Я остался и сказал Тургеневу прямо, что прослушанная мною повесть есть не что иное, как слепок с моего романа. Как он побелел мгновенно, как клоун в цирке, как заметался, засюсюкал. «Как, что, что вы говорите: неправда, нет! Я брошу в печку!» <…>

Отношения с Тургеневым стали у нас натянуты. <…>

Мы сухо продолжали видеться. «Дворянское гнездо» наконец вышло в свет и сделало огромный эффект, разом поставив автора на высокий пьедестал. Так как оно писано было вскоре после рассказа моего, то и вышло полнее, сочнее, сложнее и колоритнее всего, что он написал прежде и после него. «Вот и я – лев! Вот и обо мне громко заговорили!» – вырывались у него самодовольные фразы даже при мне! Он везде бывал, все лезли к нему, всех он ласкал, очаровывал мягкостью, снисхождением, не пренебрегая ничьим вниманием, не скучая никакою назойливостью, водя за собой целый круг, принимая у себя во всякое время, прикармливая обедами, являясь повсюду, куда его ни звали. <…>

Мы продолжали, говорю я, видеться с Тургеневым, но более или менее холодно. Однако посещали друг друга, и вот однажды он сказал мне, что он намерен написать повесть и рассказал содержание… Это было продолжение той же темы из «Обрыва». <…>

Новая эта повесть, с продолжением темы из Райского, вышла под заглавием «Накануне», но я в печати ее не прочел, а знал только по рассказу Тургенева.
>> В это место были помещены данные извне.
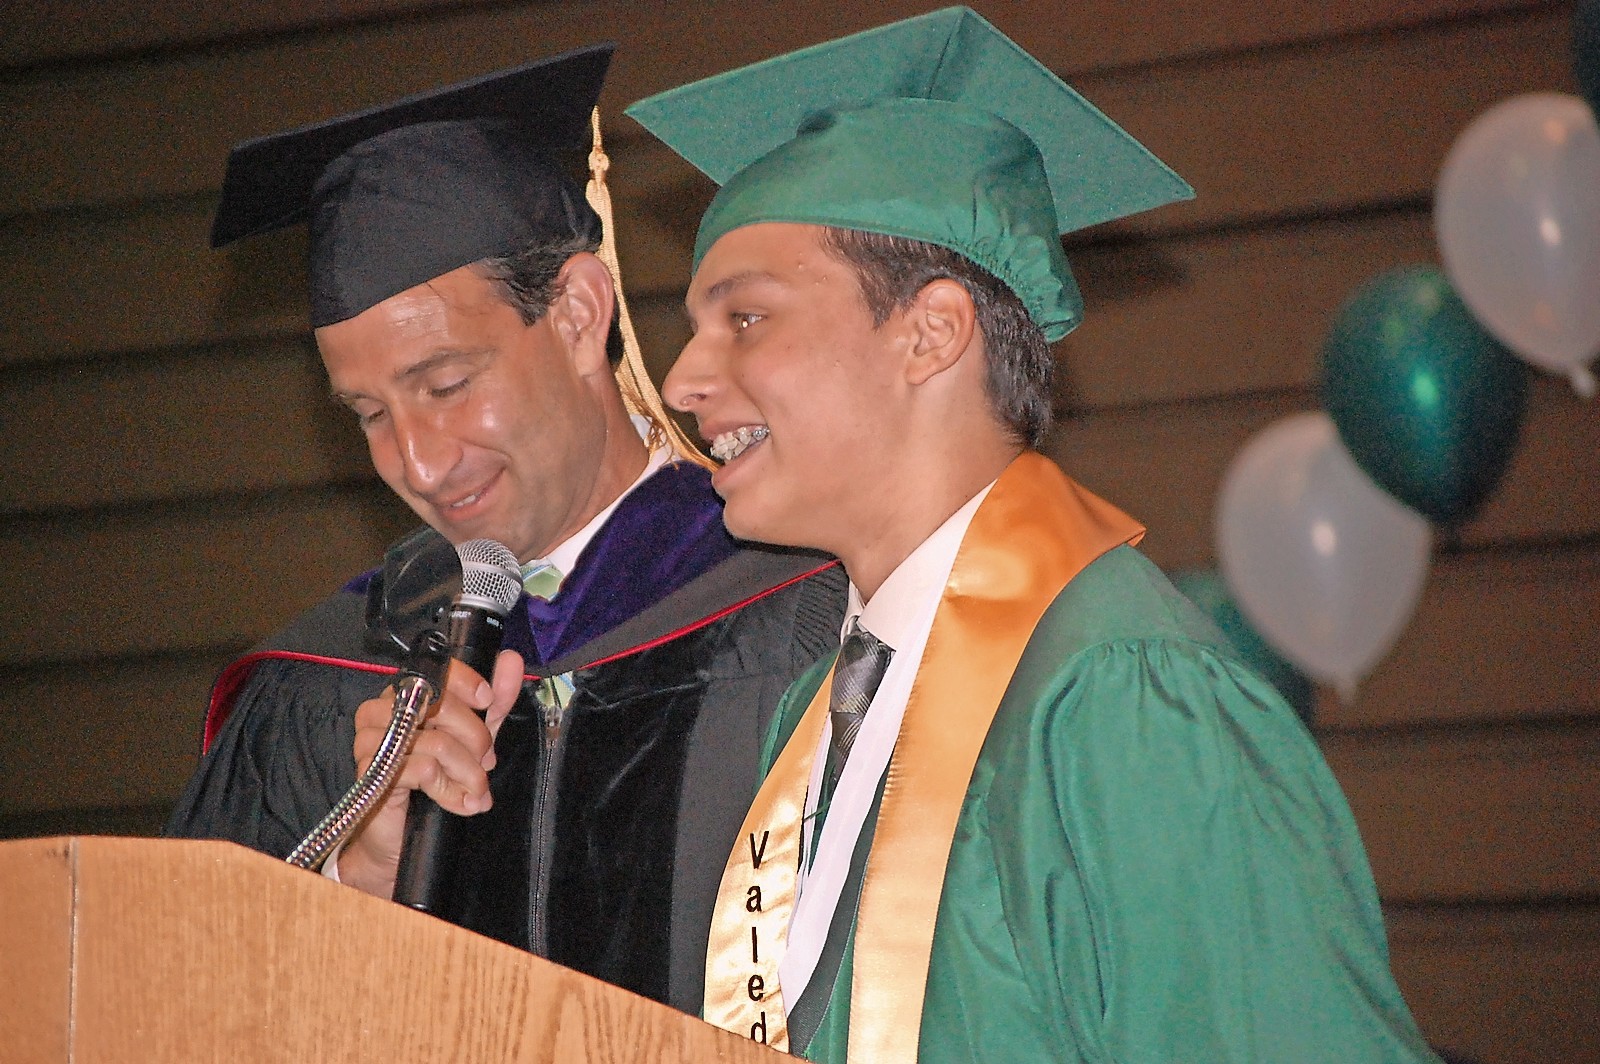 Principal Scott Bersin introduced valedictorian Nicholas Faranda.

Иван Александрович Гончаров. Письмо к И. С. Тургеневу. Санкт-Петербург, 3 (15) марта 1860 г.:

Спешу, по обещанию, возвратить Вам, Иван Сергеевич, повесть «Накануне», из которой я прочел всего страниц сорок. Дочитаю когда-нибудь после, а теперь боюсь задержать: у меня есть другое дело.

На обе эти повести, то есть «Дворянское гнездо» и «Накануне», я смотрю как-то в связи, потому, может быть, что ими начался новый период Вашей литературной деятельности. Я даже беру смелость, судя и по тем сорока страницам, которые я прочел, заключить, каким чувством руководствовались Вы, когда писали и ту и другую вещь.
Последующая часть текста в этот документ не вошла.